У нее было кольцо, как у Сатурна. Планета быстро вертелась внутри кольца и разбрасывала отблески, похожие на светлых бабочек.

— Ух, ты... — тихонько сказал сзади Володька.

Одна светлая бабочка теплым крылом задела мою ладонь. Я поднял к лицу руки — они стали тонкими и легкими. Я увидел синие обшлага с тремя полосками, белые рукава. На правом рукаве у локтя виднелась аккуратная штопка.

Значит, это было? Или не было...

Я же знал, что мы не купили матроску. И, несмотря на это, вспомнил сейчас, что все-таки купили. Да, упросили дядьку подождать и сходили за деньгами. Потом мама несла домой плоский газетный сверток, а я, радостный и благодарный, тащил скрипучую корзину с картошкой (мы зашли за ней в овощные ряды).
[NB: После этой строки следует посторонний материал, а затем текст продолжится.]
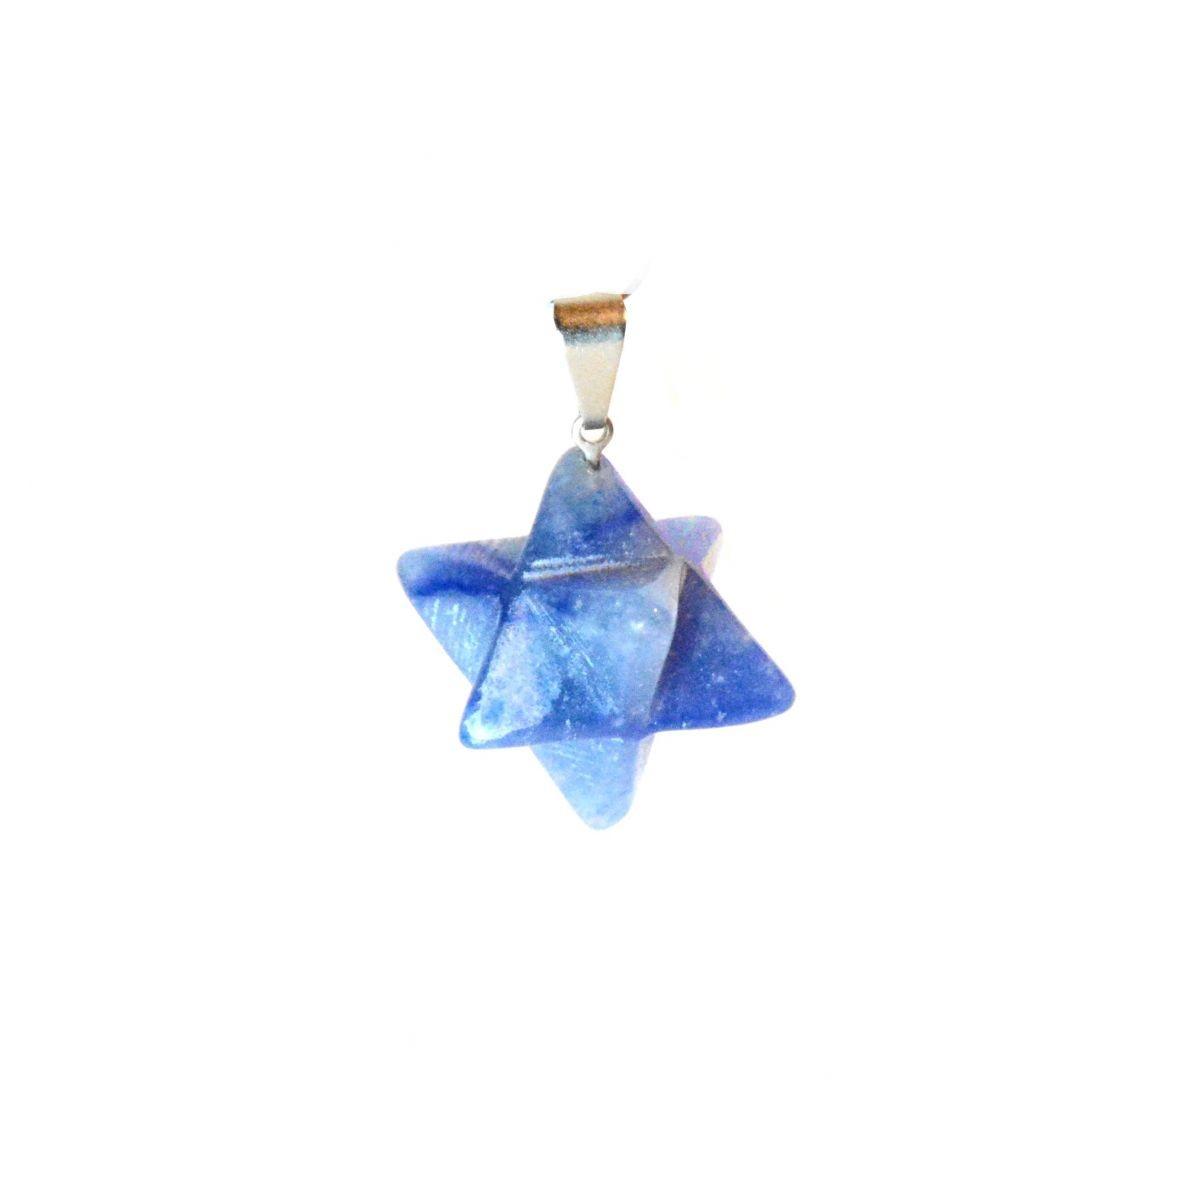 Merkabah - quartzo azul  -  Zots

Корзина безжалостно оттягивала руки и больно скребла по ногам лопнувшими прутьями. Но это была такая ерунда по сравнению с моим счастьем. И тени от веток весело танцевали на потрескавшемся асфальтовом тротуаре... Только это случилось, кажется, не в нашем городе, а в Северо-Подольске, где мы гостили у дяди. Но не все ли равно?

Я теперь помнил!

Матроска оказалась великовата, и мама до вечера перекраивала ее и перешивала, а я пританцовывал от нетерпения. Наконец я нырнул головой в прохладные полотняные складки, и мне показалось, что матроска пахнет, как паруса на старых фрегатах.

Я перед зеркалом расправил складки под ремешком, глубоко вздохнул, повис у мамы на шее и чуть не уронил ее.

— Пират, — сказала мама. — Не носись долго по улицам, уже поздно.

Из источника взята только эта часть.